MCNPX was run in photon and electron mode (mode PE) to pick up bremsstrahlung photons. The photon and electron physics are controlled with two cards (PHYS:P and PHYS:E). A detailed photon physics treatment, including photoelectric effect with fluorescence production, incoherent and coherent scattering, and pair production, has been considered in the energy range between 0.001 and 2.6 MeV with “PHYS:P” card. For electron transport, MCNP addresses the sampling of bremsstrahlung photons at each electron substep. The “PHYS:E” card is utilized in MCNP for biasing some physical parameters such as production of secondary electrons by photons, coherent scattering, bremsstrahlung angular distribution, and production of characteristic X-rays.

In order to accelerate the calculations, the MCNP code has been parallelized in Intel’s Core i7 CPU with 3.4 GHz and 8 GB RAM, using the MPI multiprocessing parallel protocol, in this case with 8 processors. This way, the problem speedup is achieved. It was taking into consideration the worst situation regarding maximum dose rate: the door has the full opening hole in the labyrinth entrance with any additional shielding.

3. Results and Discussion

Figure 1 shows a diagram of the new automatic product loading system for the Gamma Irradiation Laboratory with the opening door of labyrinth.

Figure 1: Diagram of the new automatic product loading system for the Gamma Irradiation Laboratory with the opening door of labyrinth.

The dose rate assessments were performed for 9 points of interest inside the labyrinth of the irradiator (with concrete walls of 1.9 m) and 1 point at the labyrinth entrance. Figures 2 and 3 show the turntables, the cobalt 60 source, the labyrinth with walls, the ceiling, the floor, door, and the source storage container, using MCNPX, XZ, and XY views for the simulated irradiation room.
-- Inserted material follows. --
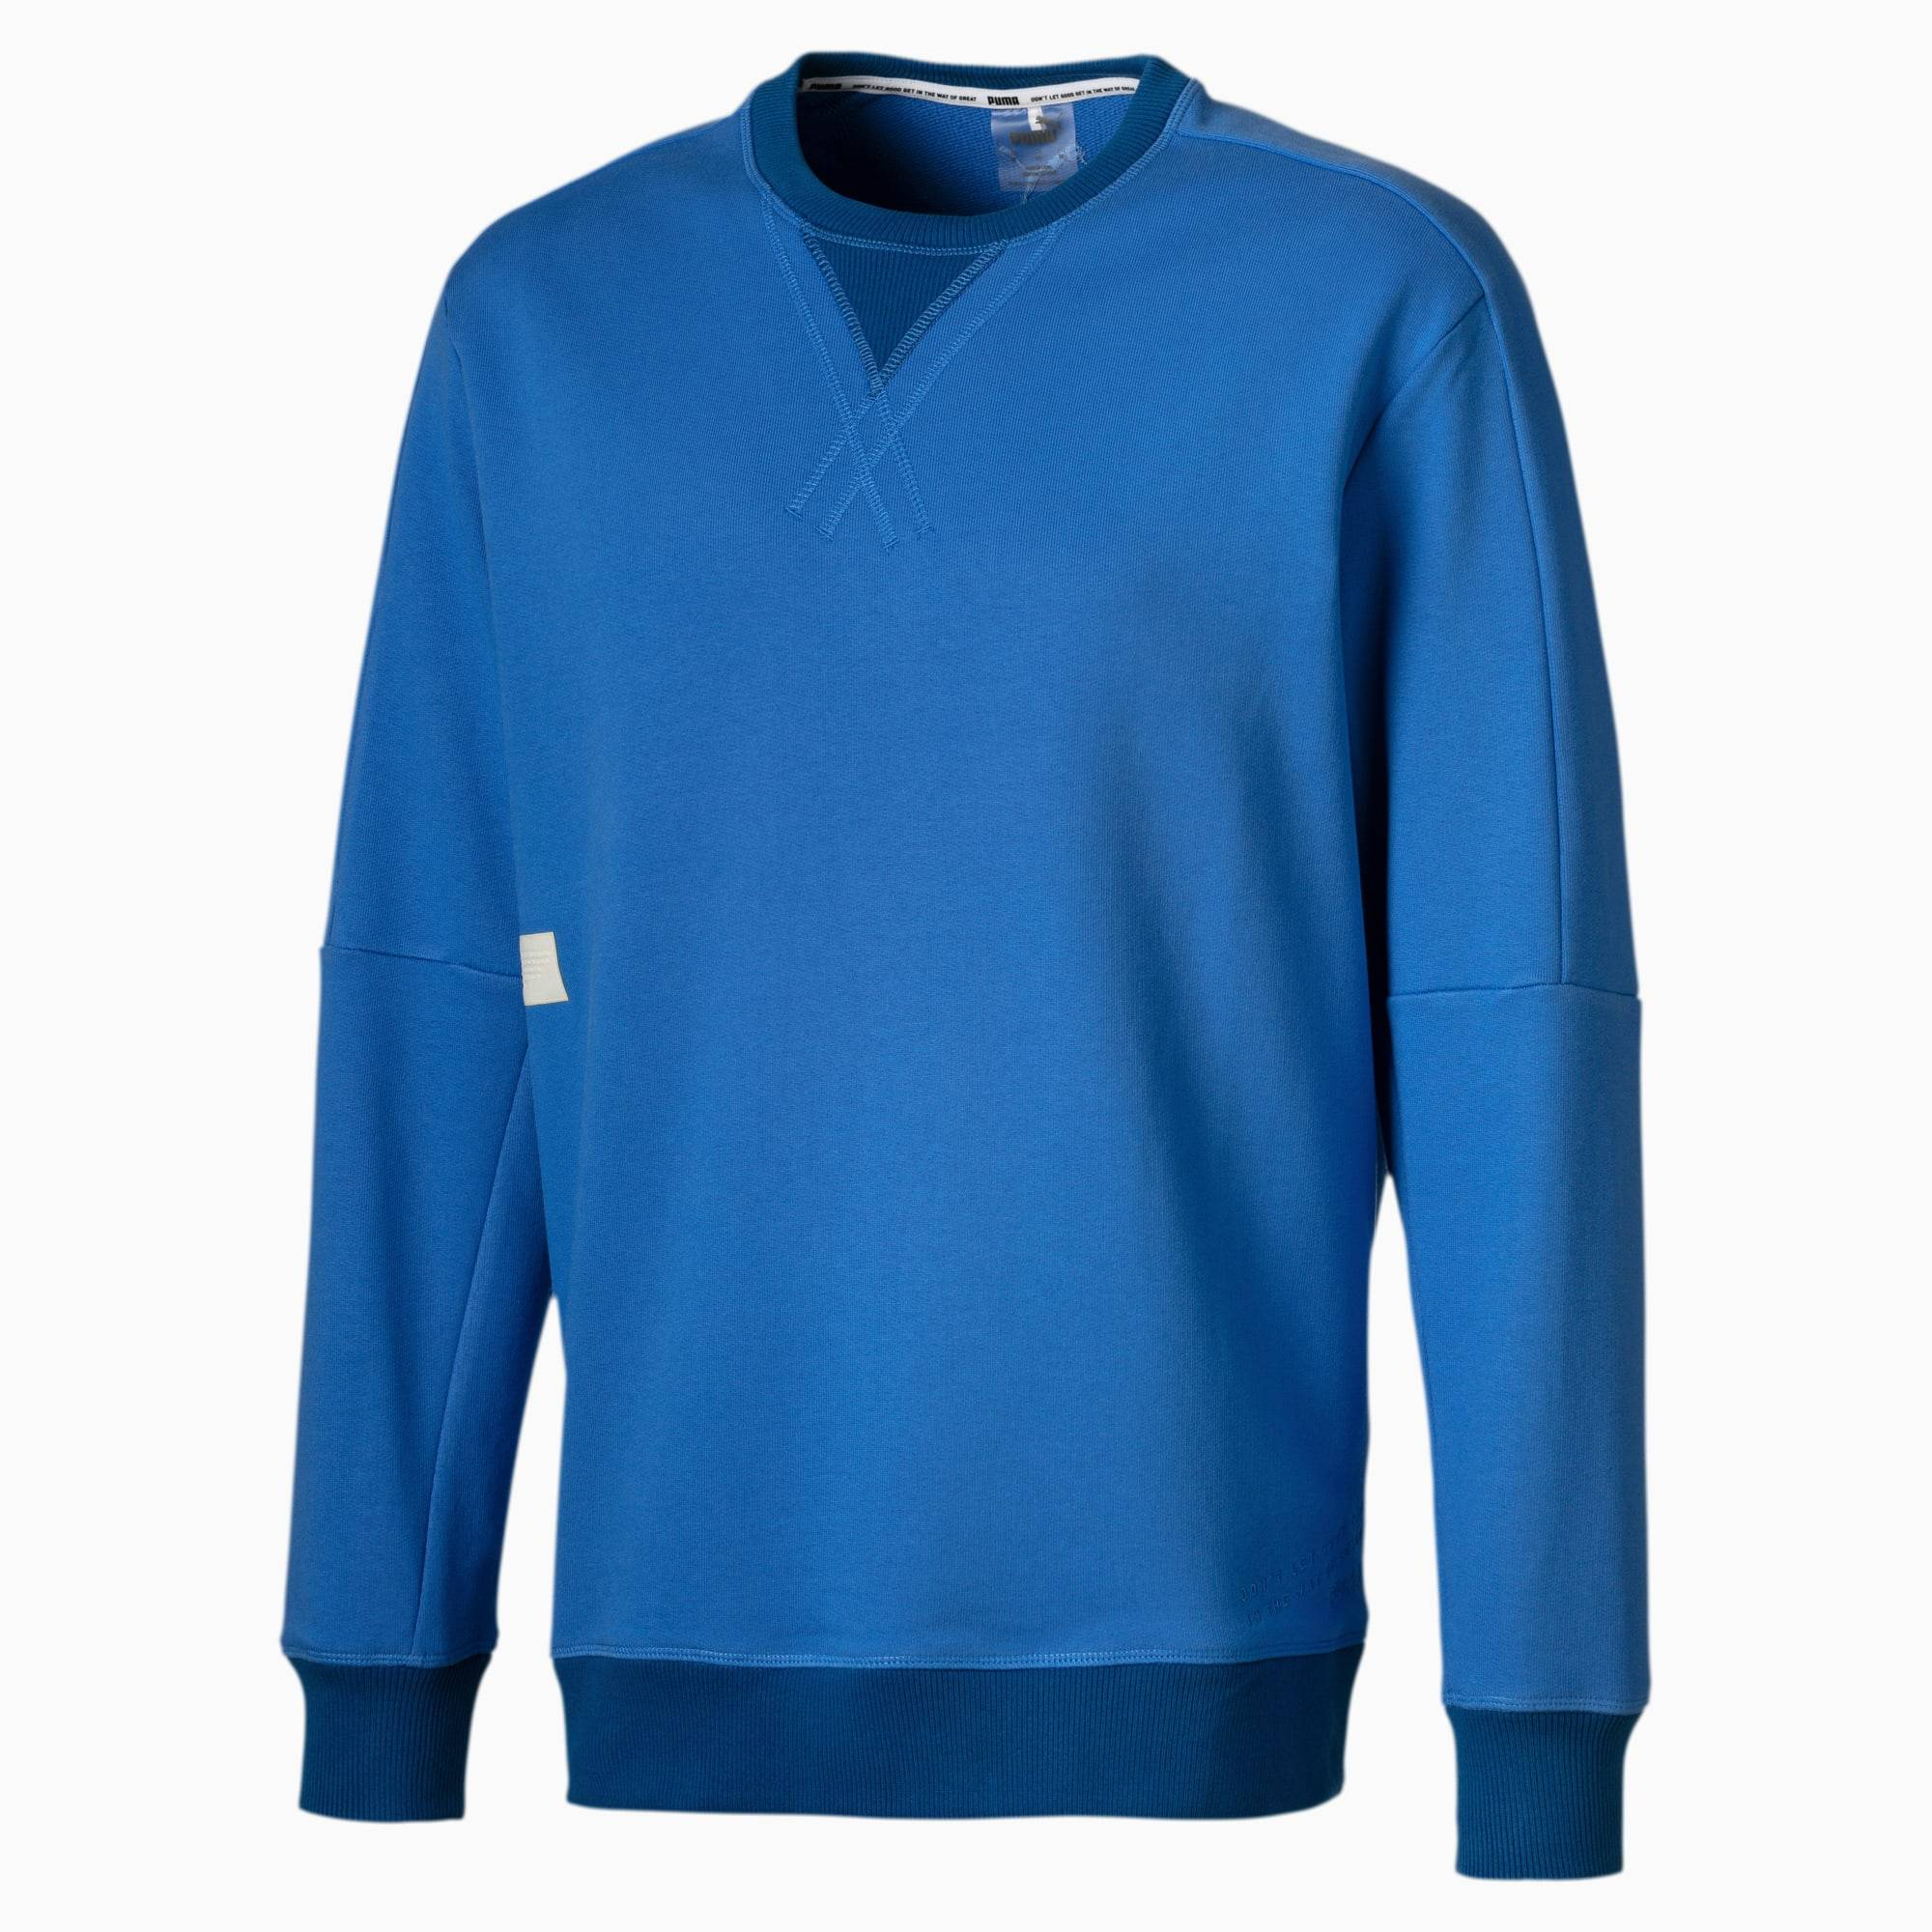 PUMA Sweat Jump Hook Basketball pour Homme, Bleu, Taille 4XL, Vêtements
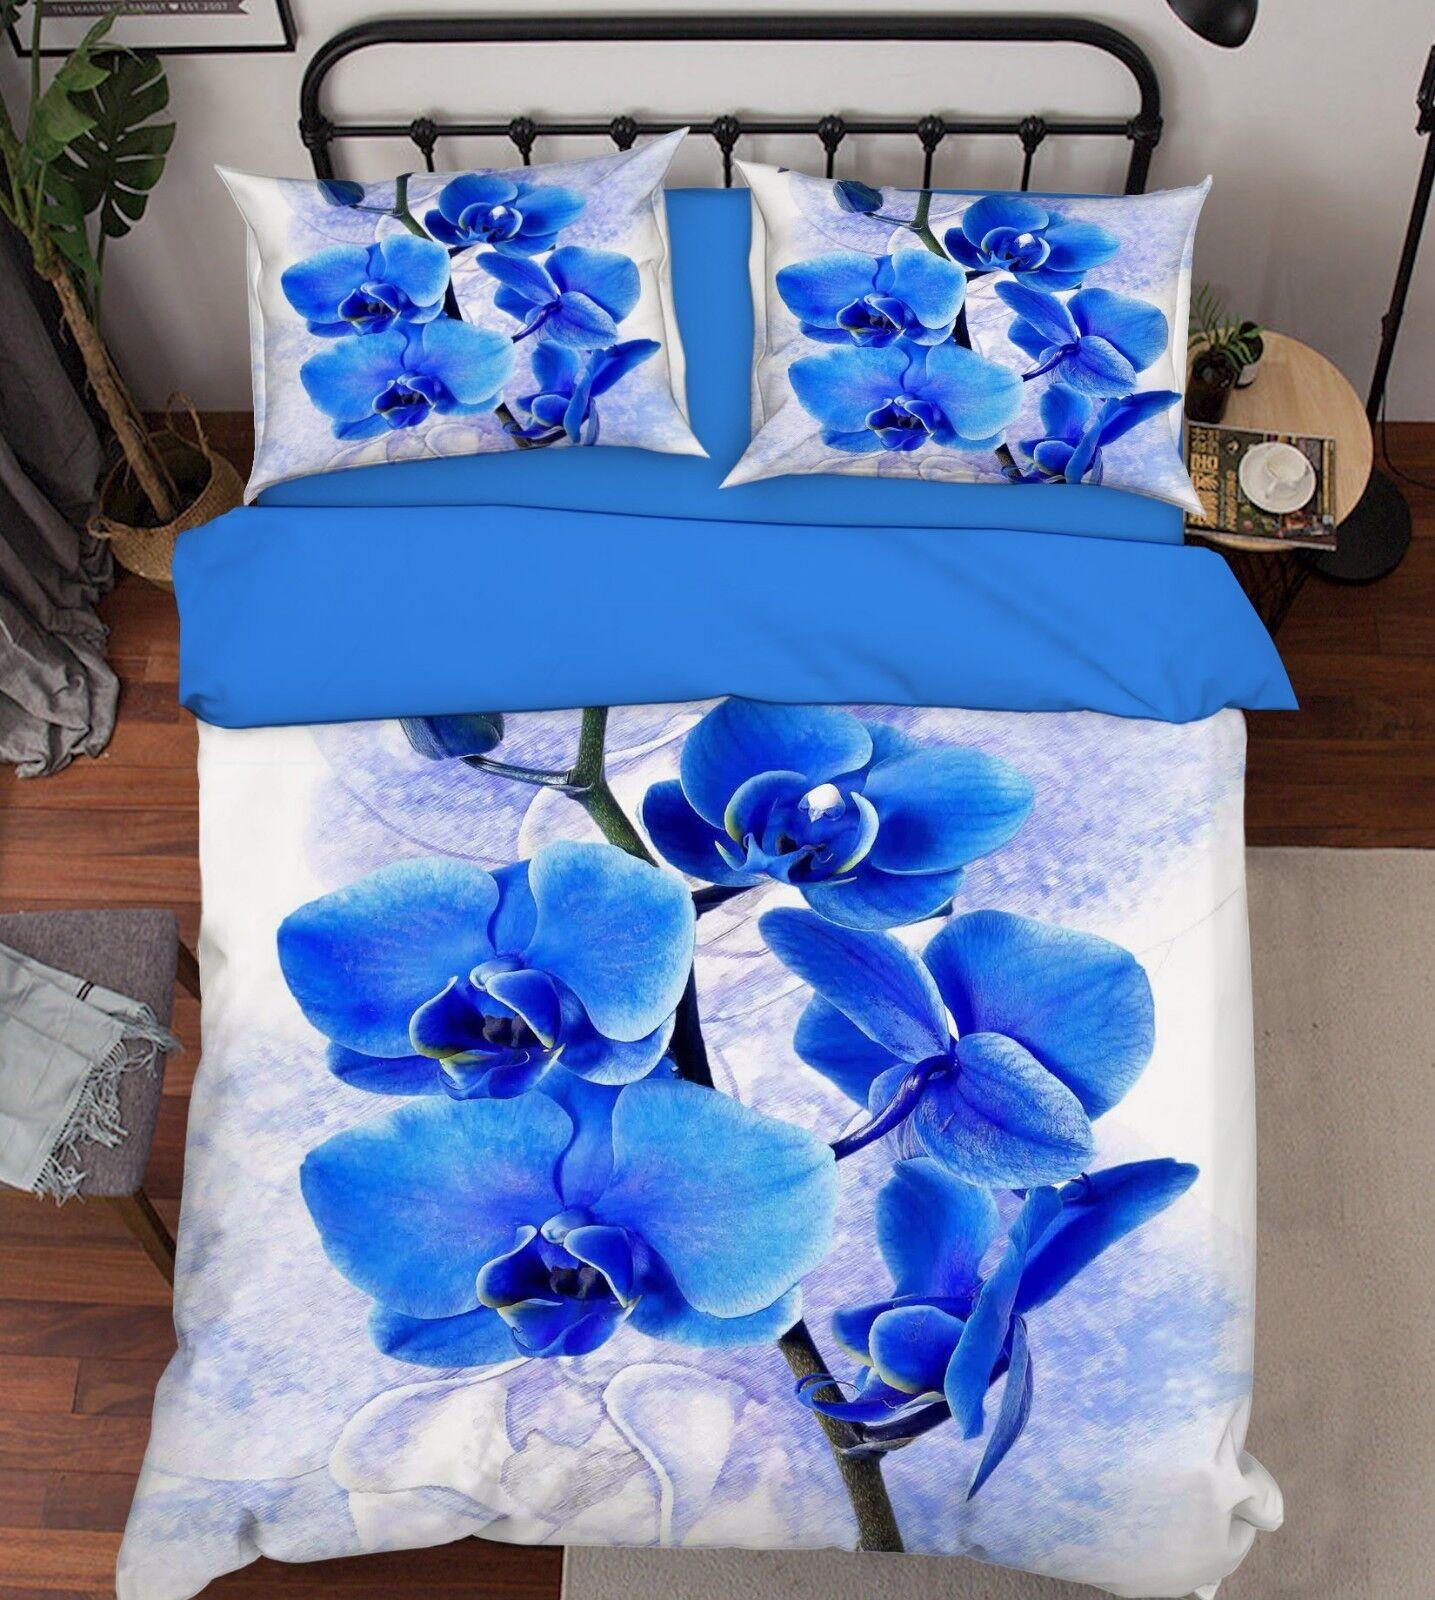 3d Blau Floral 363 bett Cushion abdeckungs Stitch Duvet abdeckung Set Single Queen DE

Figure 2: MCNPX model view of the Gamma Irradiation Laboratory.
Figure 3: MCNPX model view of the door with and without hole in the labyrinth entrance of the CDTN Gamma Irradiation Laboratory. All dimensions are given in cm.

The detailed MCNPX shielding source container used for transport and storage of the GB-127 cobalt-60 source is presented in the previous work [18]. The MCNPX model of the labyrinth entrance door with and without hole is illustrated in Figure 3. Vised 22S [19] visualization tool was used to illustrate the MCNPX model.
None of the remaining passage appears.